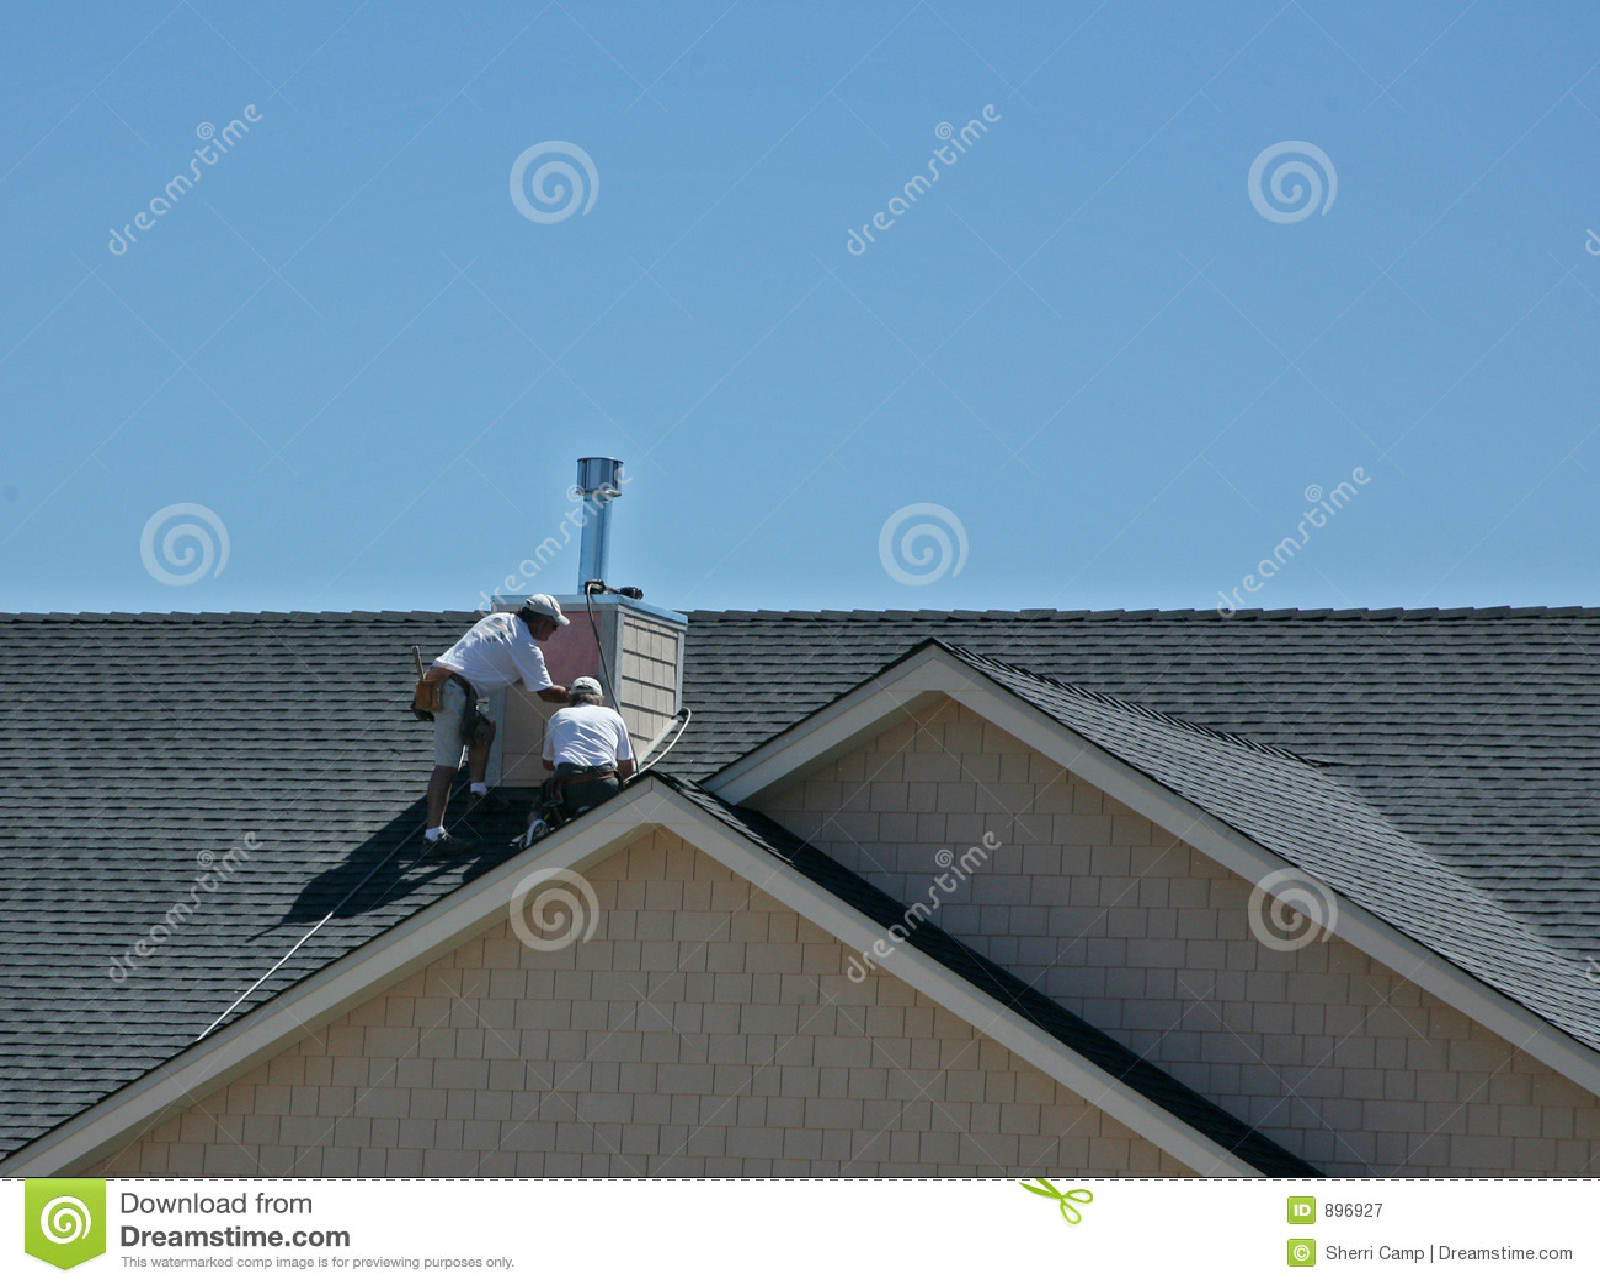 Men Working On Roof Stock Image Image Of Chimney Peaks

...

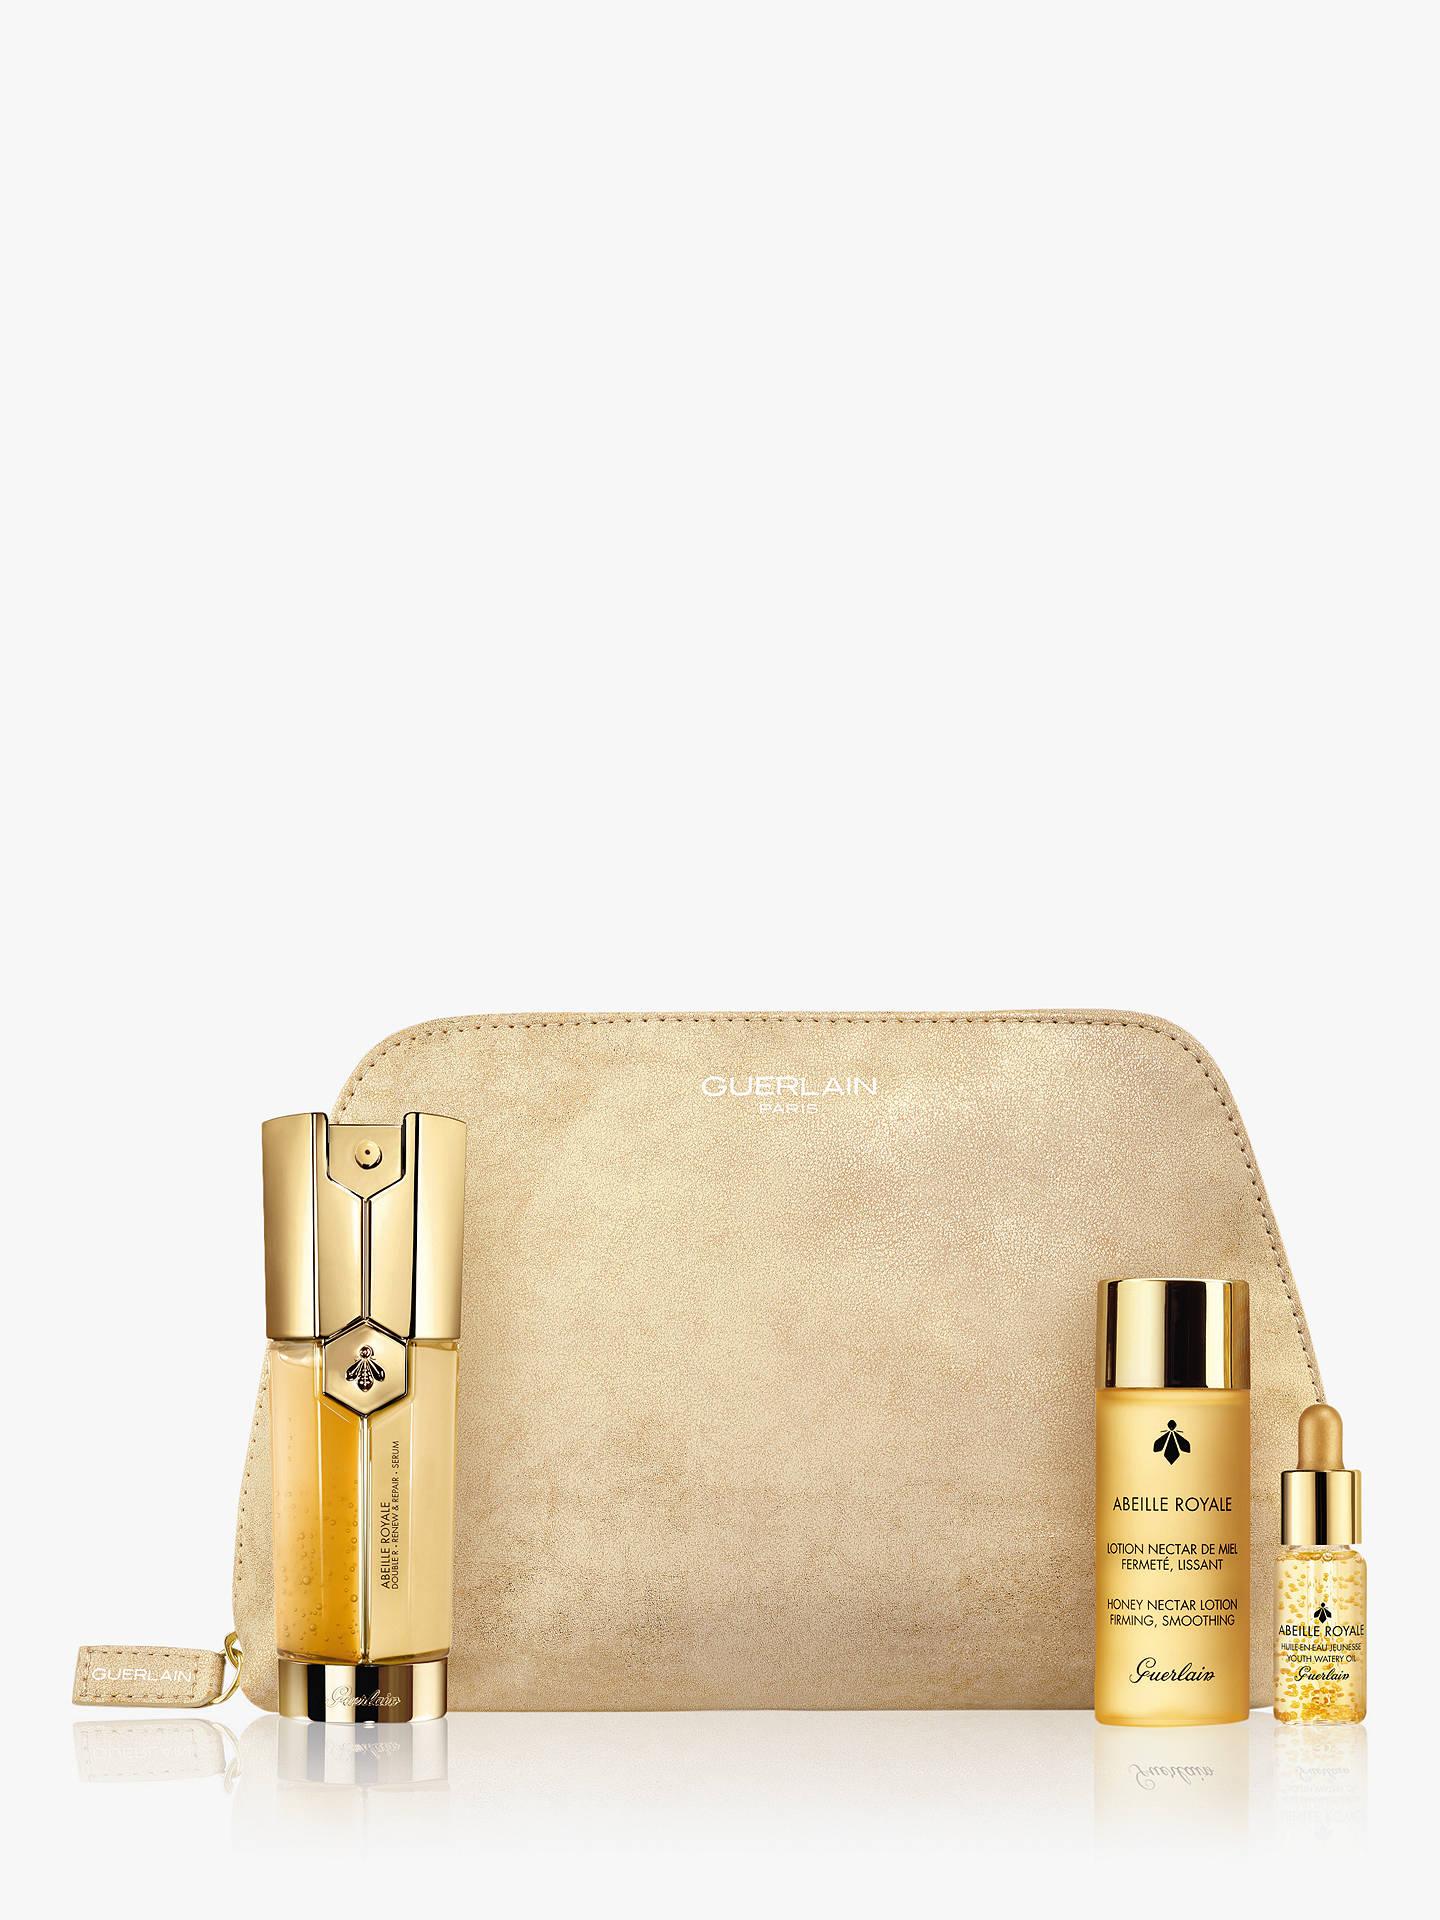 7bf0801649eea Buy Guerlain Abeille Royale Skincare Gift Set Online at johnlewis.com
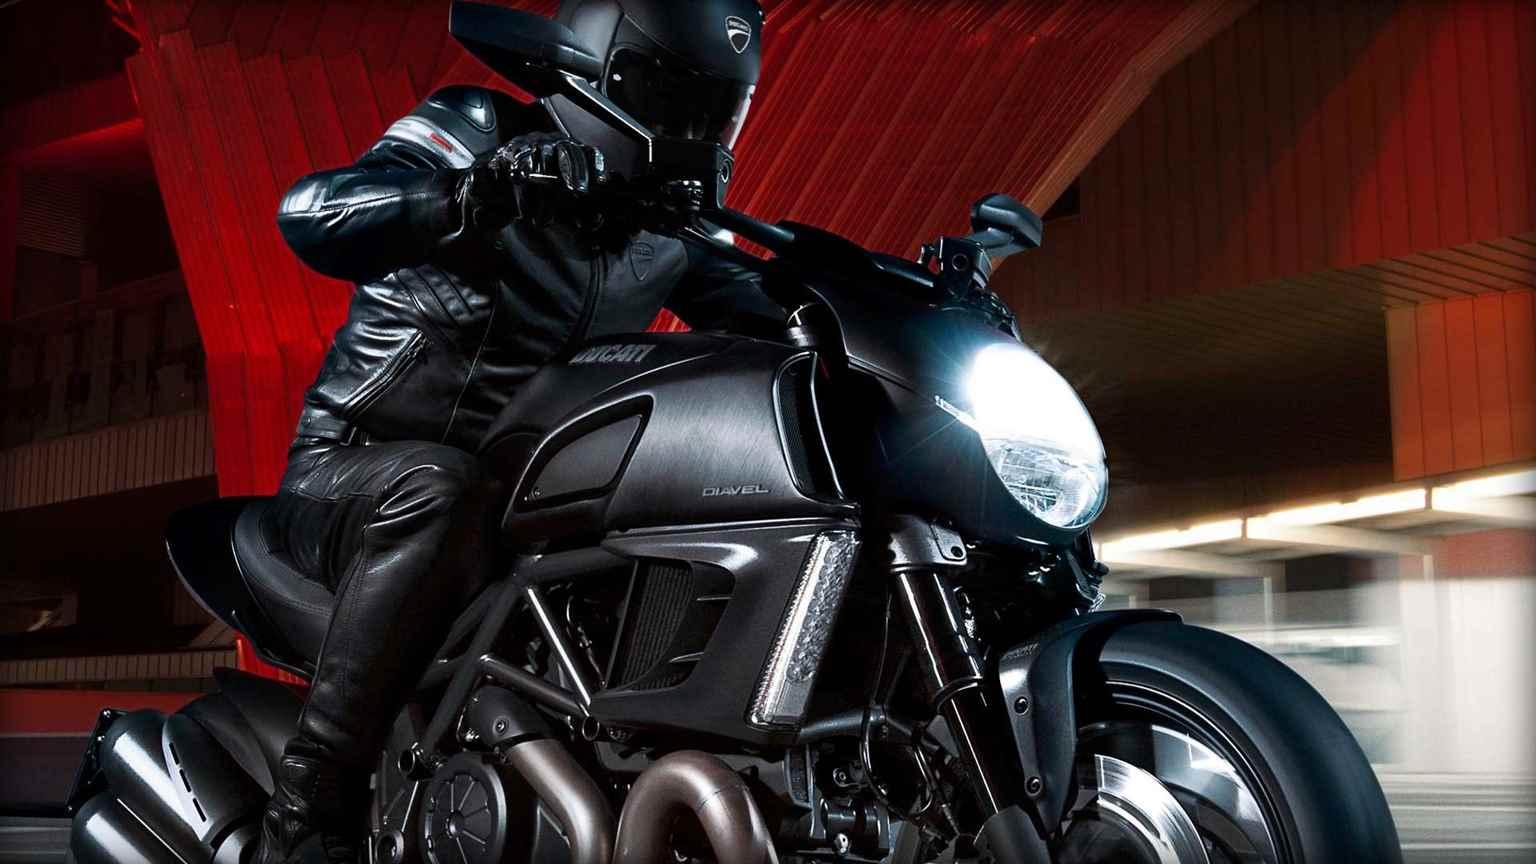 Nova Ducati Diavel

EXERCISE INSTRUCTIONS: Where a picture appears in the records above, omit it, and transcribe exactly the stretch of lines from the one with "7bf0801649eea Buy Guerlain" through the one with "Nova Ducati Diavel".

EXPECTED ANSWER:
 7bf0801649eea Buy Guerlain Abeille Royale Skincare Gift Set Online at johnlewis.com
 Nova Ducati Diavel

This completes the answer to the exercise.